My family says I obsess over the Thanksgiving turkey. I say someone has to. A cook’s greatest nightmare is having a table full of hungry people, waiting for the annual feast and then having the bird: (1) over cooked; (2) raw in places; (3) tough, dry, and chewy; (4) under or over-seasoned; (5) dropped while in transport from oven to platter; or (6) too small to feed the group–though too large is seldom a problem. Or, heaven forbid, discovering the organ packet is still lodged in the neck cavity. Enter the smoked turkey. . . .
This year, my grandson, Austin, a college senior, has built a smoker and wants to experiment with the holiday bird. Now, I’m always up for a gastronomic adventure, but I’m worried. I’ll have more than thirty people showing up at the farm for Turkey Day, and I don’t want any “fowl” up. (Pun intended).
When I explained this to an insensitive friend, she commented, “How can you call yourself a food blogger, if you’ve never smoked a turkey?” She has a point. I’ve roasted many a bird–everything from a Butterball to a turducken to a wild turkey. I’ve brined needy fowls and run my hand into an icy cavity to retrieve poultry organs. I’ve even given the holiday bird a butter massage on Thanksgiving morn, because Julia Child said the turkey enjoys it. But I’ve never smoked one, though I’ve tasted some delicious, juicy poultry cooked in a smoker by friends.
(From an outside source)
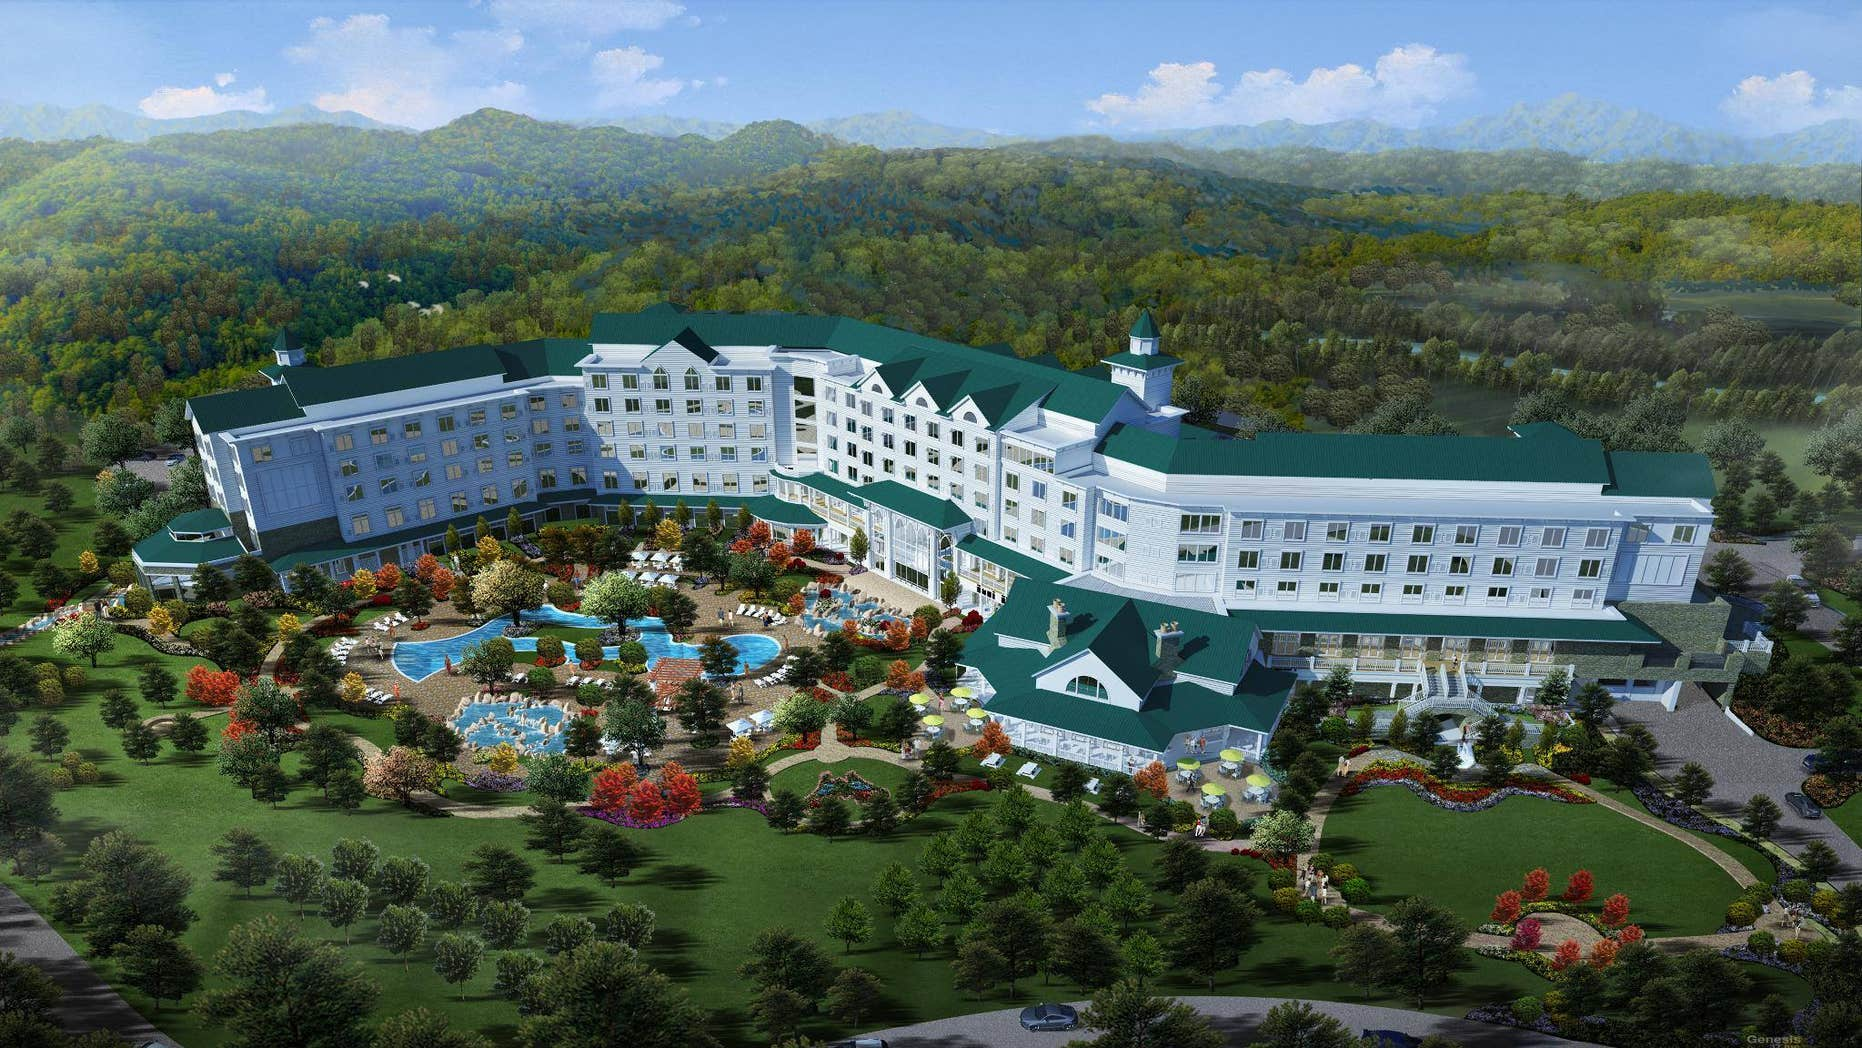 A digital rendering of Dollywood's DreamMore Resort.

Austin said he bought the smoker-building kit from some guy on the Internet named Big Poppa, who’s won a number of barbecue contests. The kit provides a variety of attachments; you provide the oil drum. It should look like the picture on the website once he gets the drum painted. I’ve got my fingers crossed.
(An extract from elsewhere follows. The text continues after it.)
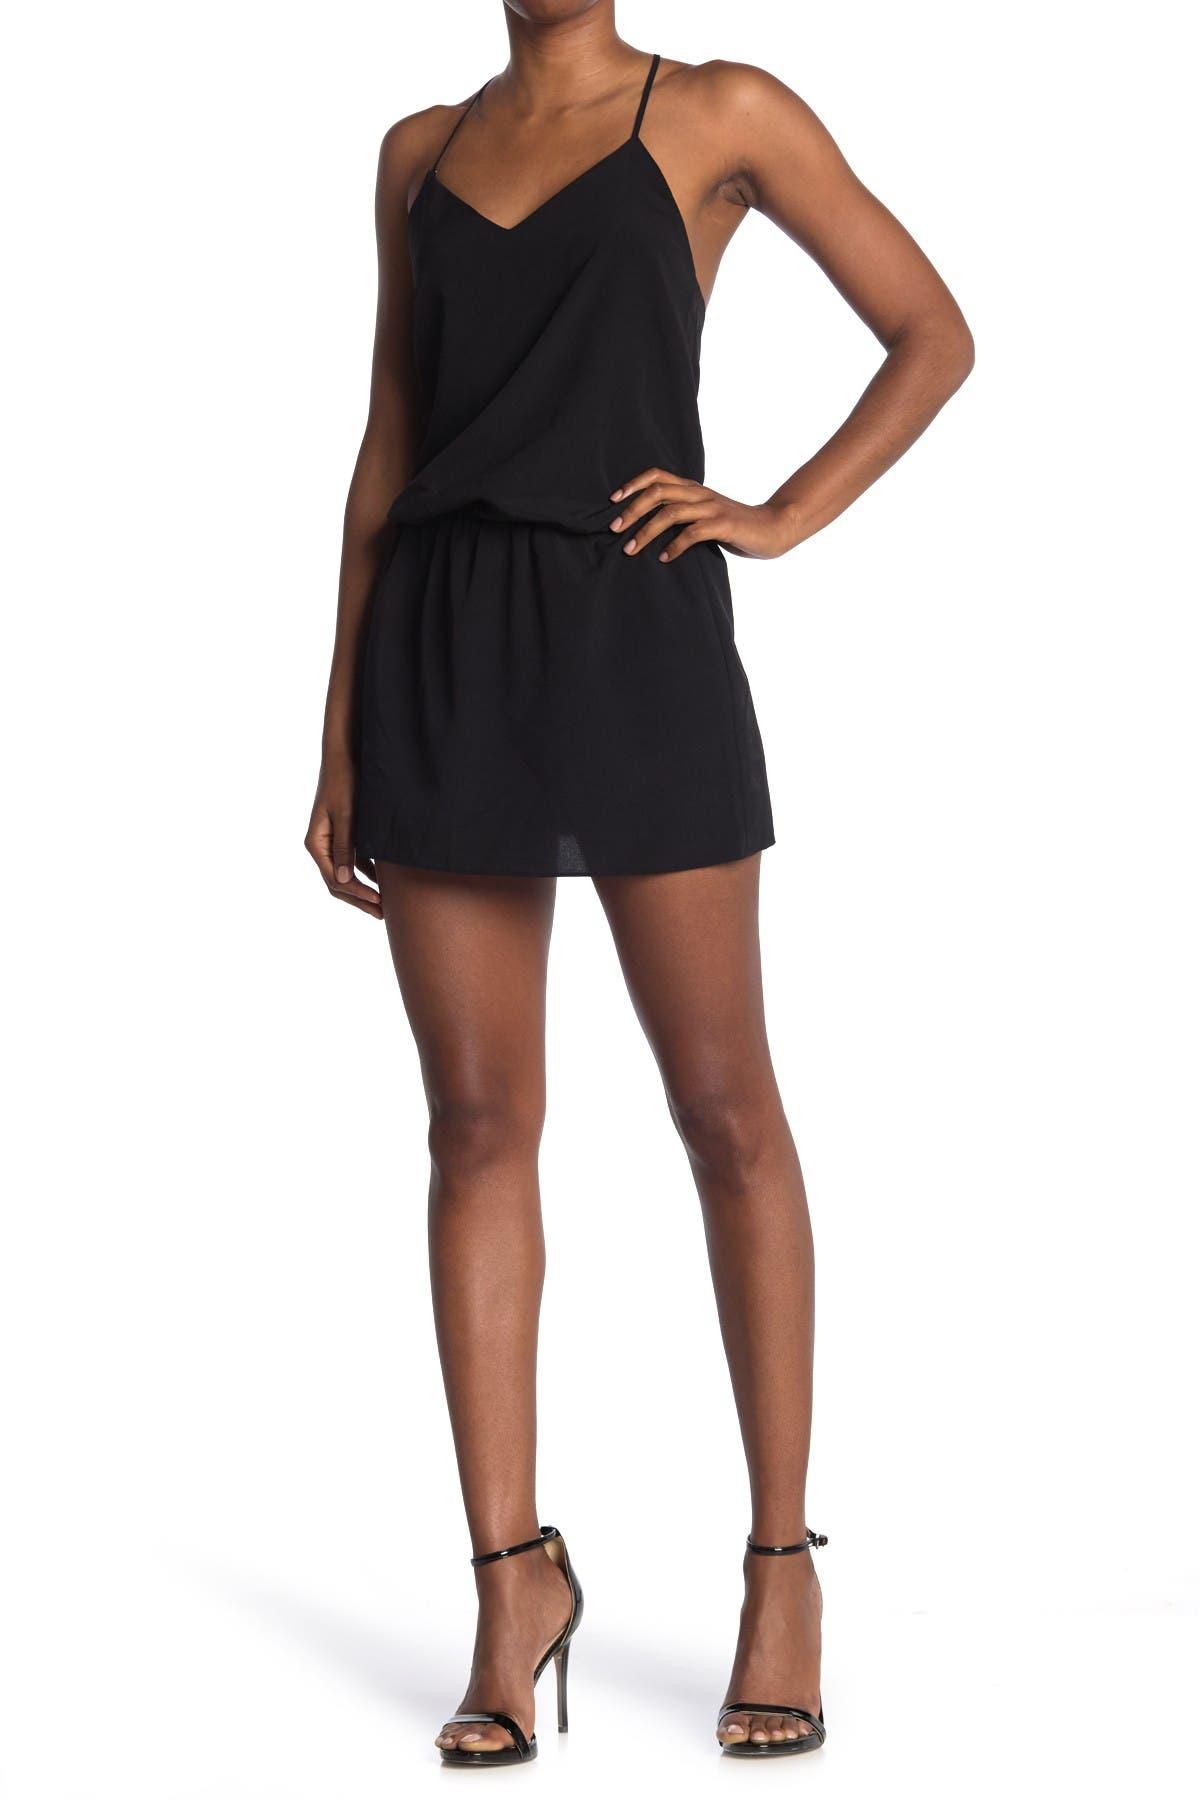 Image of HALSTON Mirage Mini Dress

To rule out a few of those surprises mentioned in the opening paragraph, I’ve proposed two options to my grandson: Run a pre-holiday test of Big Poppa’s contraption. Or cook one turkey in the oven on Thanksgiving Day and the other in the smoker.
Perhaps there are seasoned turkey smokers out there, who can give me some tips to assuage my concerns. Any warnings or helpful hints would be appreciated.